One effect of social media is that the world seems increasingly to resemble a giant courtroom with the combatants shrieking at each other, “J’accuse!!” I accuse, I accuse, I accuse.

“J’accuse!” was of course the opening salvo, in an open letter by Émile Zola to the president of the French Republic, of what came to be known as the Dreyfus affair. Alfred Dreyfus, a Jewish officer, had been accused of treason by the French army.

Nowadays, colleagues spy on co-workers, friends rat out friends, political leaders at the highest level bully, name-call, insinuate, gossip, and slander. News is so biased, depending on the outlet’s audience, that we hardly dare hope for anything remotely approaching the objective truth. Egregiously substandard behavior is foisted off as the fault of deranged “libs,” some form of “identity discrimination,” or the egregiously substandard behavior of one’s enemies. “You can’t accuse me! I accuse you!”

No communal, artistic, spiritual, or human venture is exempt from this curdled vision. Thanksgiving: an oppressor’s holiday. Marriage: indentured servanthood. Children: a monstrous burden.
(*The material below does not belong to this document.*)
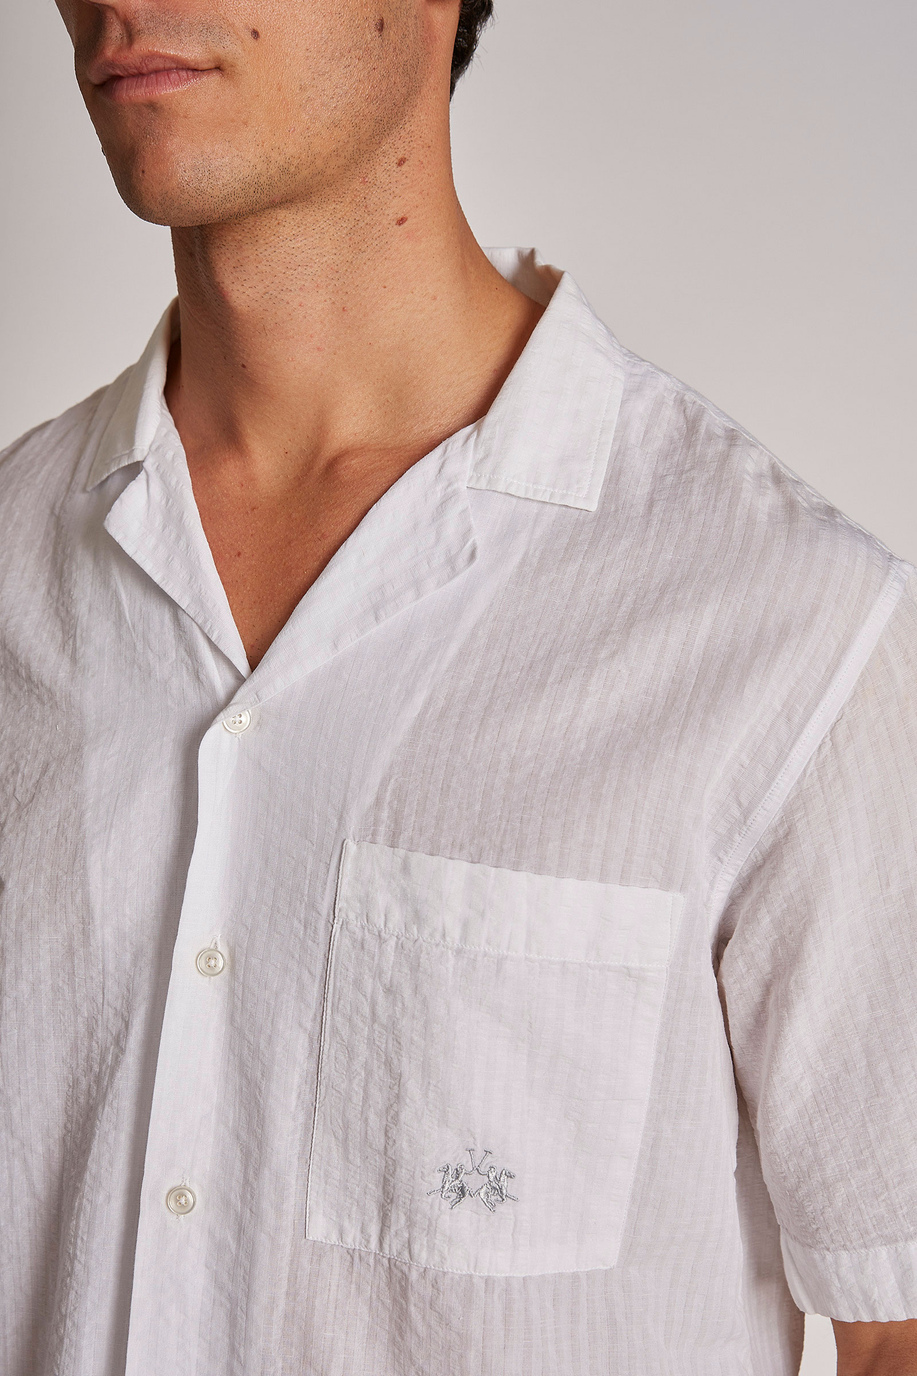 Men's short-sleeved, regular-fit cotton shirt

Thoreau’s cabin: tainted because, as a recent Washington Post piece explained, “until very recently, there has been little acknowledgment that Walden Woods was first occupied by Black people whose experience of self-sufficiency was harrowingly different from Thoreau’s two-year experiment.”

It’s as if the secular culture, with neither God nor theology, has come up on its own with a twisted notion of the Fall whereby half of humanity is by its nature violent, greedy, hateful and irredeemable; and the other half is by its nature sinless, pure, gentle and blameless, and therefore needs no redeeming.

A quick review of a few “Best Books of 2021” lists reveals that a good 75% of them—nonfiction, fiction, poetry—are based on a variation of this oppressor-victim paradigm. Everything must be unmasked. Everyone must be exposed.

No accident, of course, that one name for Satan is The Accuser. 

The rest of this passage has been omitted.